Wolseley posted plummeting full-year profits yesterday, but its shares soared after the plumbing and building materials company vowed to remain within its banking covenants and take a further axe to costs.

The group unveiled a fresh series of measures to combat dire trading in the US, UK and Irish housing markets, including scrapping its dividend and a "fundamental review" that could lead to a sale of its troubled US building supply arm, Stock.

For the year ended 31 July, Wolseley delivered group pre-tax profits down by 77 per cent to £145m on revenues up 2 per cent to £16.5bn, aided by currency fluctuations.

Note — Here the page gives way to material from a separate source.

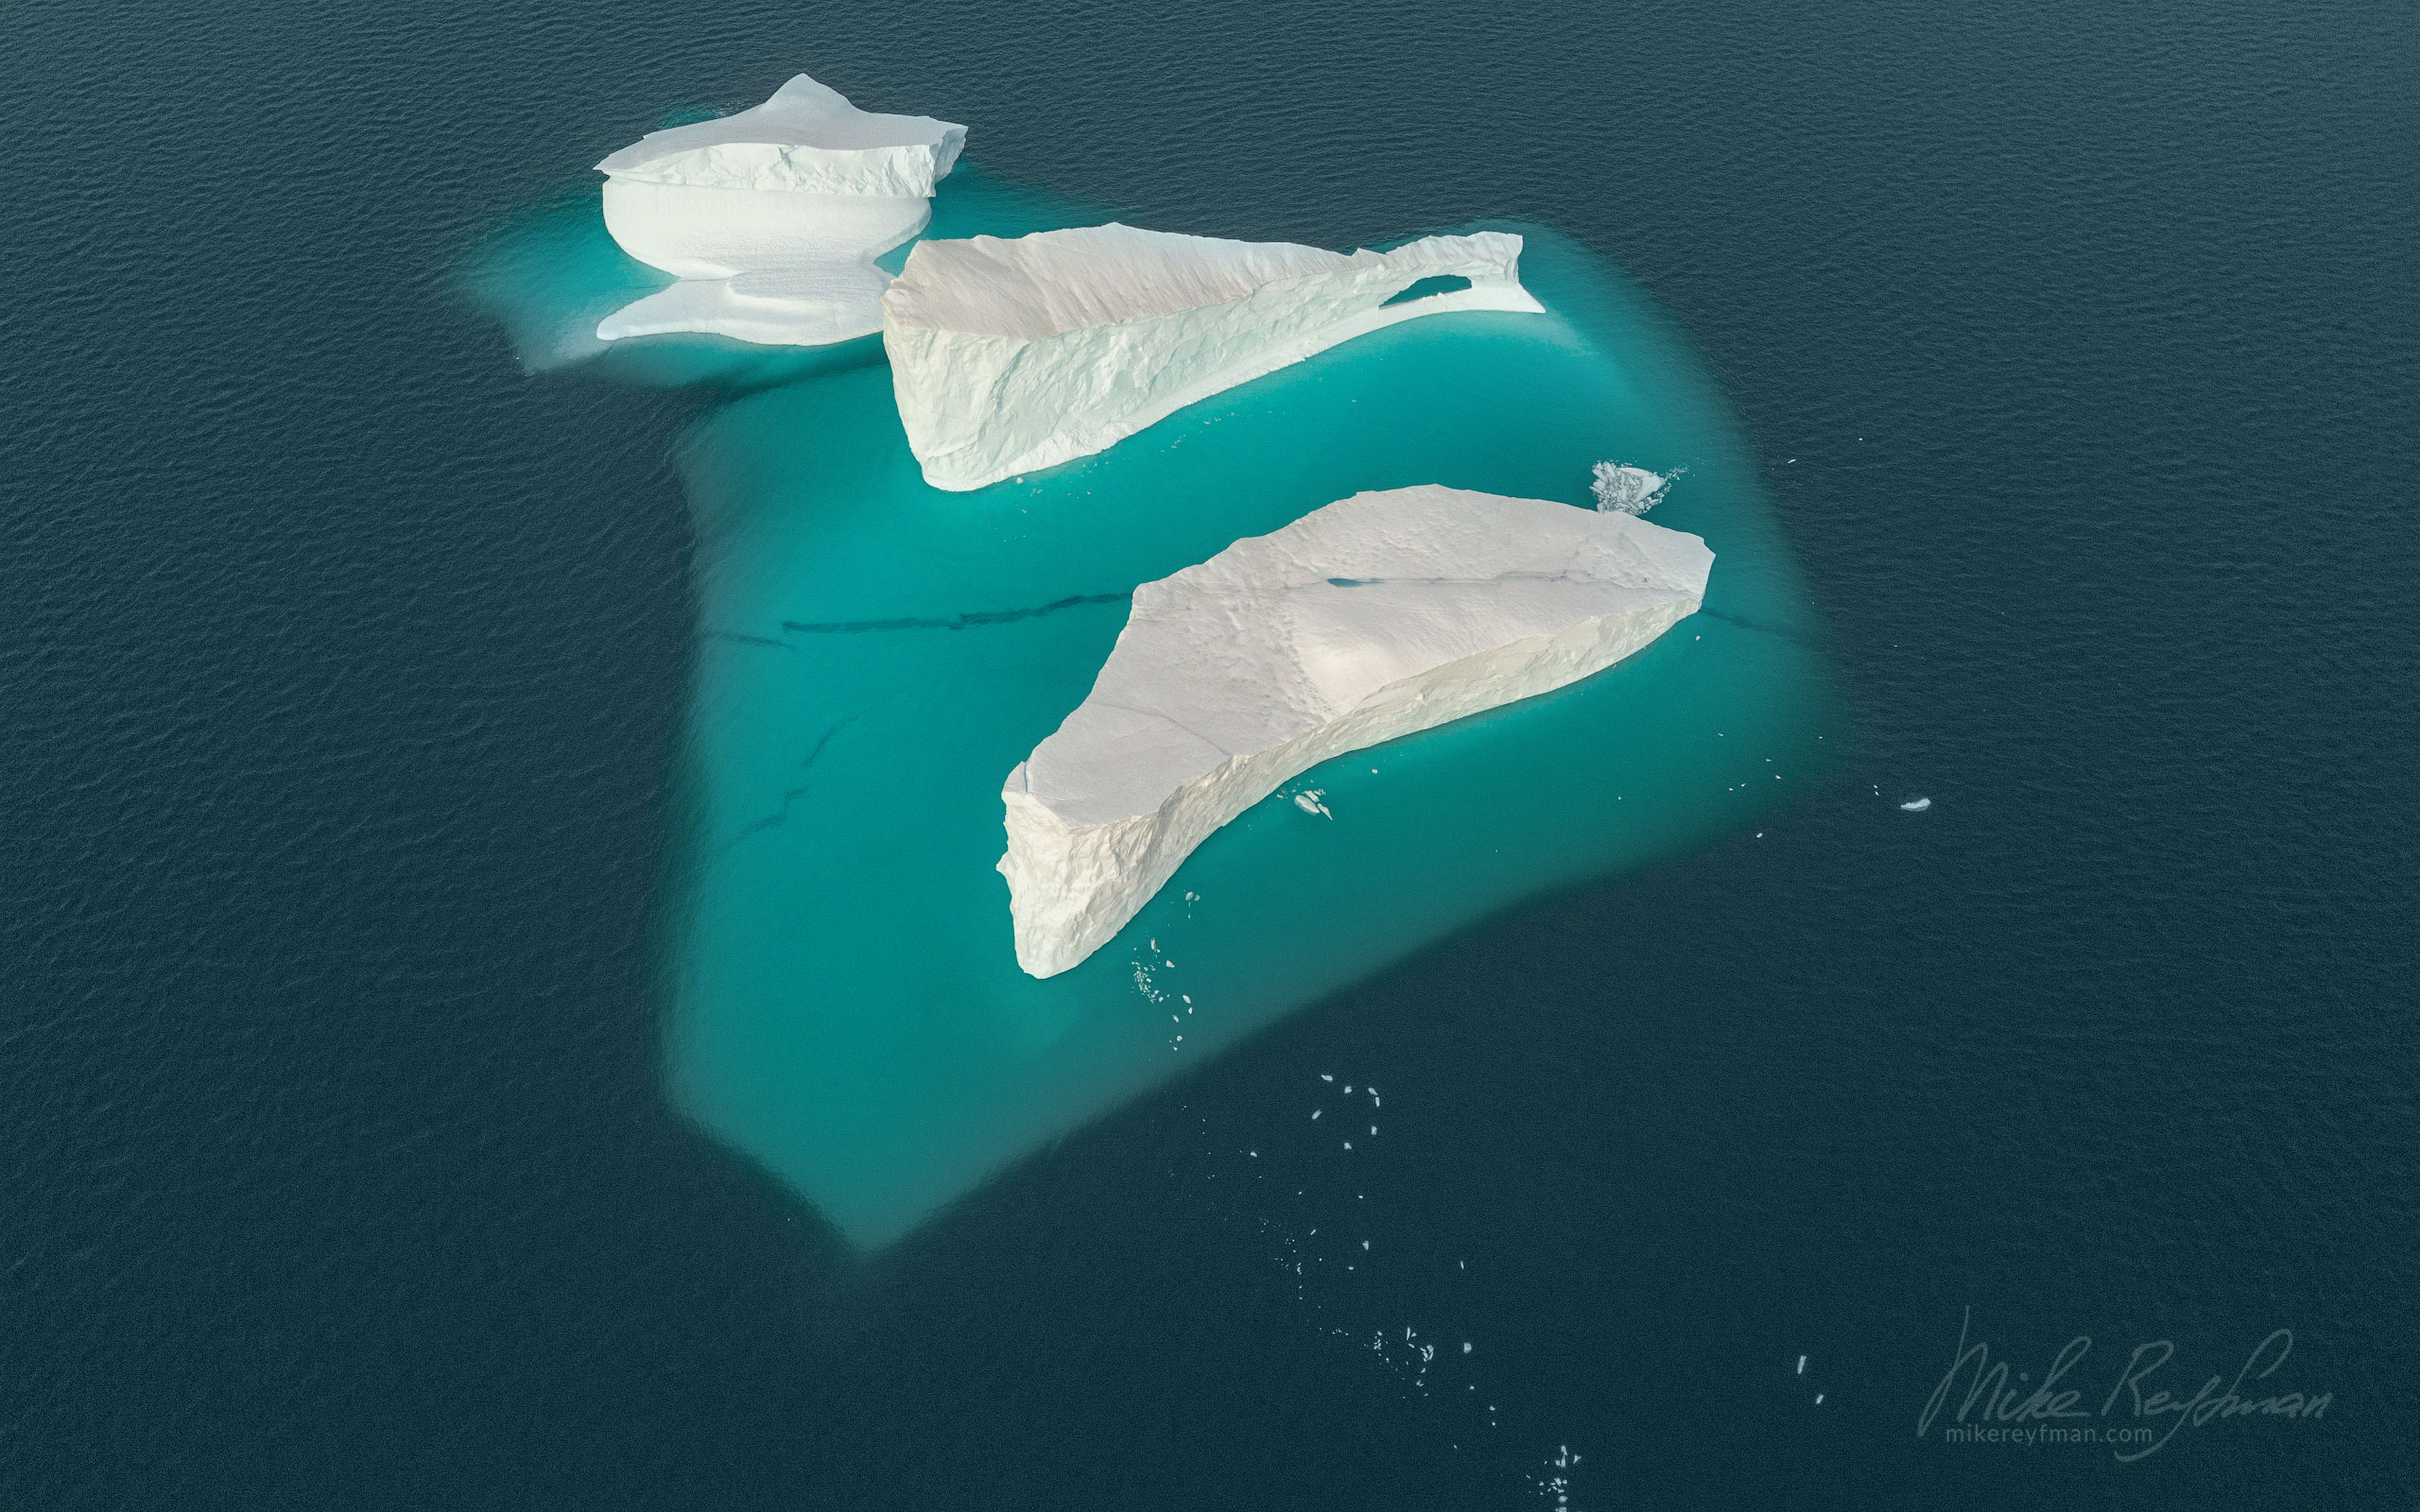 Iceberg in Scoresby Sund. Greenland. Aerial. 067-GR-SC_DJI_0275 - The Scoresby Sund fjord system and the settlement of Ittoqqortoormiit. East Greenland. - Mike Reyfman Photography

After stripping out exceptionals, the company's pre-tax profits were down by 30.5 per cent to £527m.

The Wolseley chief executive, Chip Hornsby, said: "We have taken the action to remain within our banking covenants."

Mr Hornsby also said that it had "no plans" to raise equity, such as through a rights issue, although he declined to categorically rule it out. Wolseley's shares rose by 56p to 470p.

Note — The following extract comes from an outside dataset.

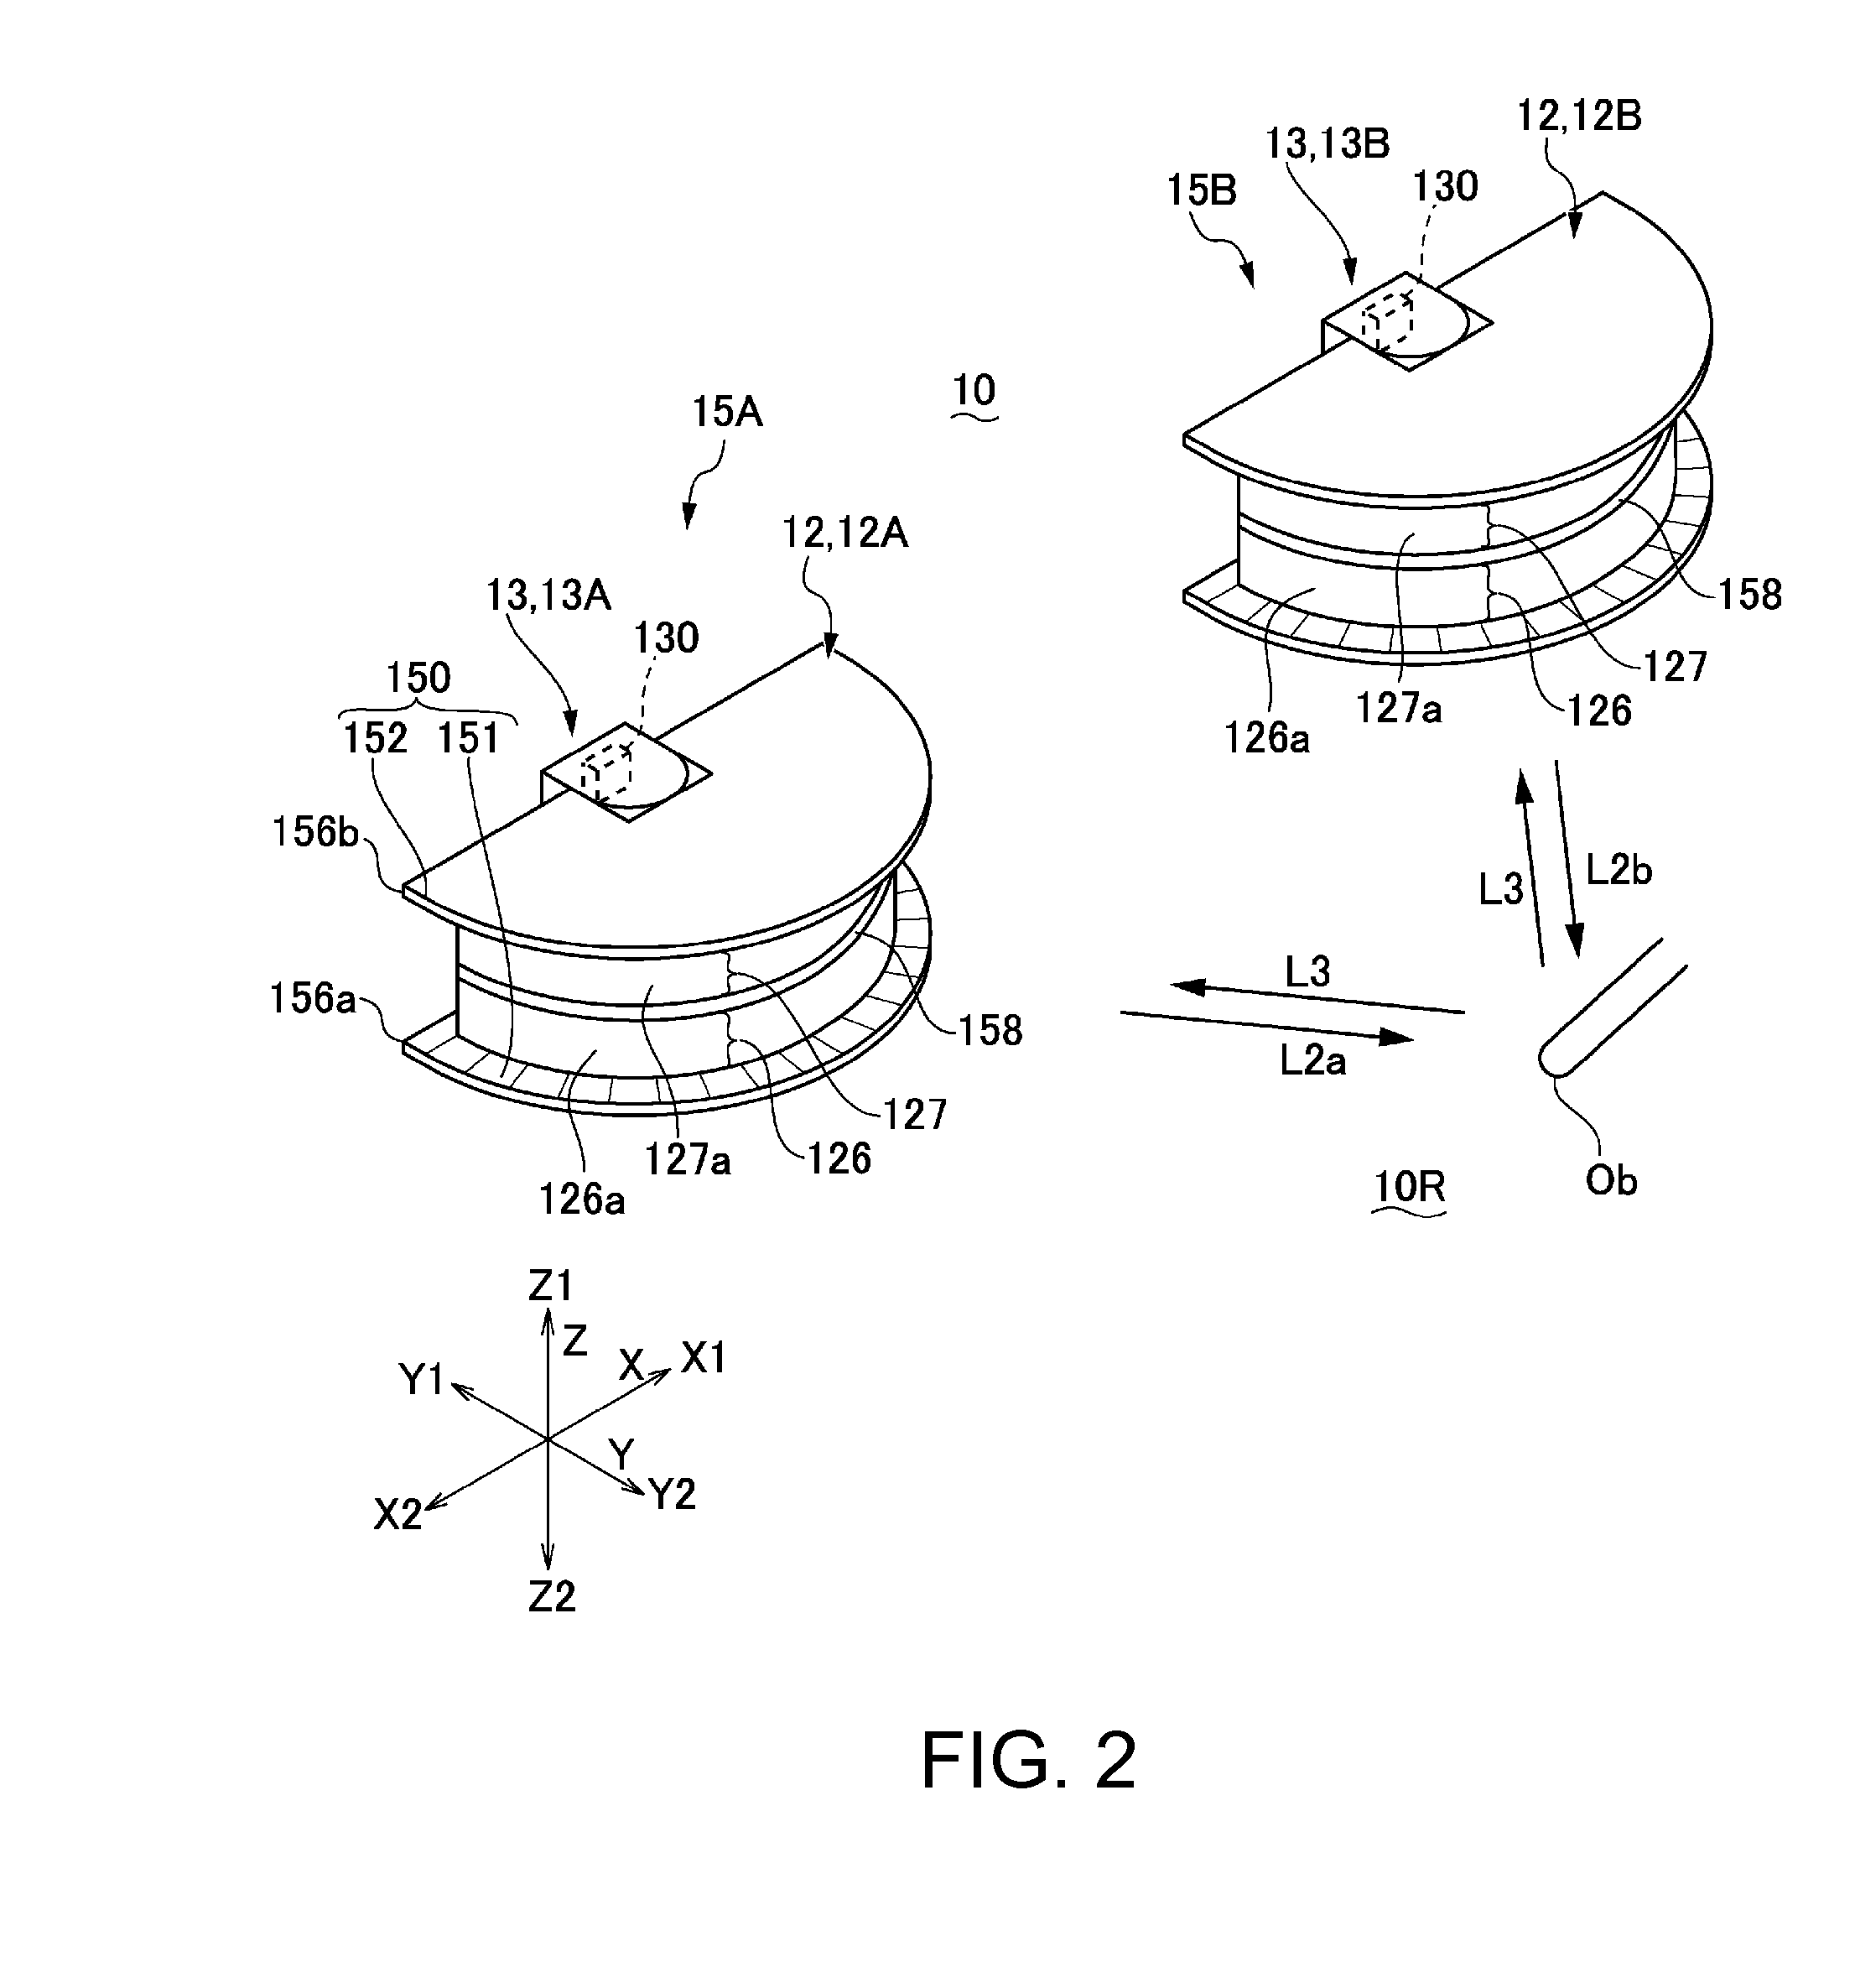 Optical position detection device, optical position detection system, and display system with input function

Wolseley said that it would save £150m of cash by not paying a final dividend for 2008, although investors will receive an interim dividend of 11.25p a share.

It has also closed 270 branches globally, reduced its headcount by 7,700 and generated £46m from a series of property and business disposals. In addition, Wolseley has slashed its 2009 capital expenditure budget to an estimated £180m from £317m in 2008.

Mr Hornsby said that there will be further job cuts, as it seeks to "right-size" its businesses, such as Stock, in line with expected revenues.

The Kaupthing analyst Kevin Cammack said: "They are pulling out all the stops to ensure they do not fall foul of [their banking] covenants." Mr Cammack welcomed the organisational and operational review of Stock, but warned Wolseley may find it difficult to find a buyer because "it is losing so much money".

Stock posted a trading loss of $246m (£133m) for the year to 31 July, excluding exceptional restructuring costs of $13m relating to 36 branch closures and headcount reductions.

Mr Hornsby said: "It [the US housing market] is as tough as I have ever seen it in the last 30 years."

However, he said that while levels of affordability had returned for creditworthy US house hunters recently, the UK and Irish housing market was still suffering from a significant reduction in the availability of mortgages. Wolseley UK and Ireland posted a 1 per cent increase in revenues to £3.2bn, but trading profit fell by 16.6 per cent, excluding £12m of exceptional restructuring costs, largely from 13 branch closures and 150 redundancies, in Ireland.

Mr Hornsby said: "The Irish business is very difficult. That market is significantly down from where it was two years ago."

Wolseley said that its net debt remained "virtually unchanged" at £2.5bn, with the group operating at 2.7 times net debt to Ebitda, which is "well within its banking covenants".